I am a fair-weather blogger, and so I cannot remember the last time I had so many visits or retweets in a day.  Piggybacking on the unexpected traffic boost, here are ten things worth reading (from various sources) about the reason for that traffic – the finding by the Court of Justice of the EU that the Data Retention Directive is, on human rights grounds, invalid.  (My own post, Data retention parrot, is here).

I had plenty to choose from in putting this list together – fortunate that the decision was published when many of us legal academics are not teaching?

  1. The decision of the Court.  The early pages are taken up with reproducing the provisions of the legislation, so if you are familiar with the Directive, those pages are most skippable.
  2. Fiona de Londras, professor at Durham Law School, writing at Human Rights in Ireland.
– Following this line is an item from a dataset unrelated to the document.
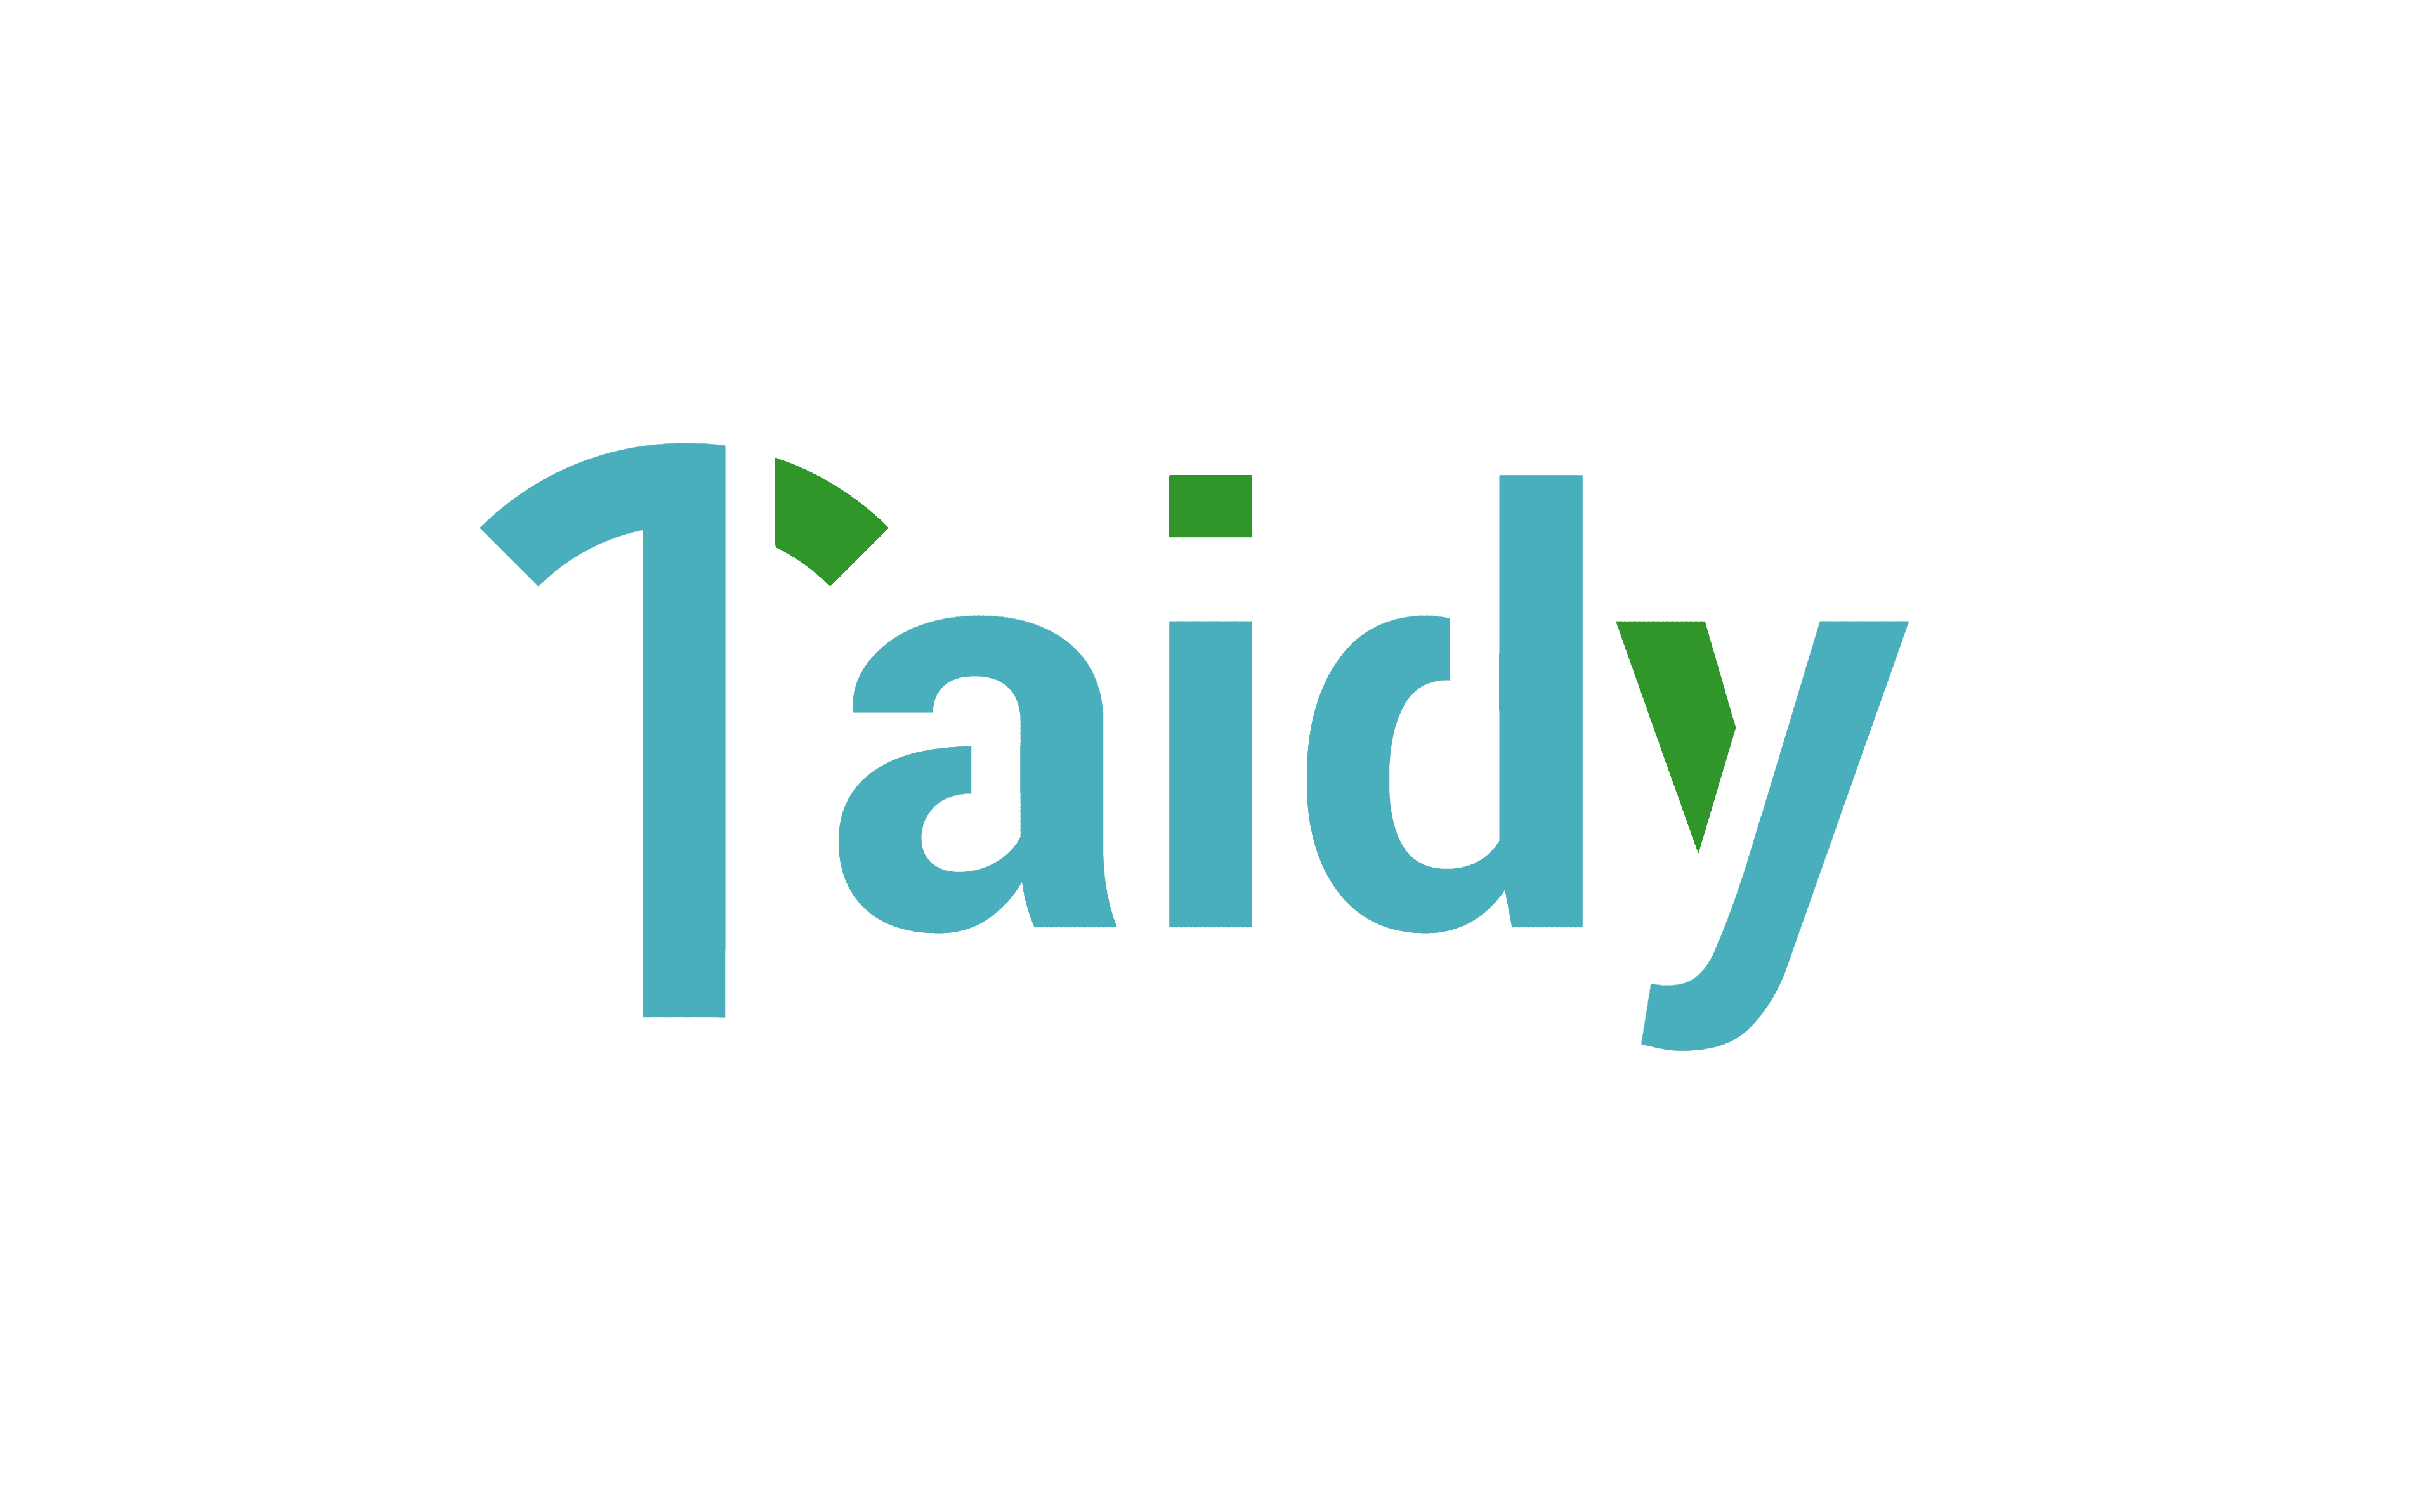 Product Taidy - Soluciones End-to-End basadas en datos image

Special mention: discussion on whether “a more tailored, narrower approach” might survive scrutiny if the Directive is to be replaced (see also her lessons for the US, posted at The Conversation).
  3. “Cybermatron”, an expert in this field, writing on her blog. Special mention: highlighting weaknesses in the decision, including where the Court may have underappreciated the significance of the legislation and of this challenge.
  4. Steve Peers, professor at the University of Essex Law School, writing on his blog EU Law Analysis. Special mention: analysis of the current status of the (invalid) Directive, and options for states and the EU from this point on.
  5. Paul Bernal, lecturer at the UEA Law School, writing on his blog. Special mention: how the decision sits within the wider debate on and advocacy for privacy.
  6. Karlin Lillington, journalist, writing in the Irish Times. Special mention: the consequences for Ireland and the EU, by someone who has been instrumental in highlighting data retention practices for over a decade.
  7. Luke Scanlon, solicitor, Pinsent Masons, writing on Out-law. Special mention: impact on other legislation, including data protection present and future.
  8. Glyn Moody, author and journalist, writing for ComputerWorld UK. Special mention: explanation, point by point, of how the court’s decision relates to specific data retention practices.
  9. Gabriele Steinhauser, journalist, writing in the Wall Street Journal. Special mention: how the decision is being reported to an international audience, including the political dimension.
  10. Press release and FAQ on the decision from the European Commission (the ‘losing’ side, not that you would know that from the statement). Special mention: reading it with a straight face.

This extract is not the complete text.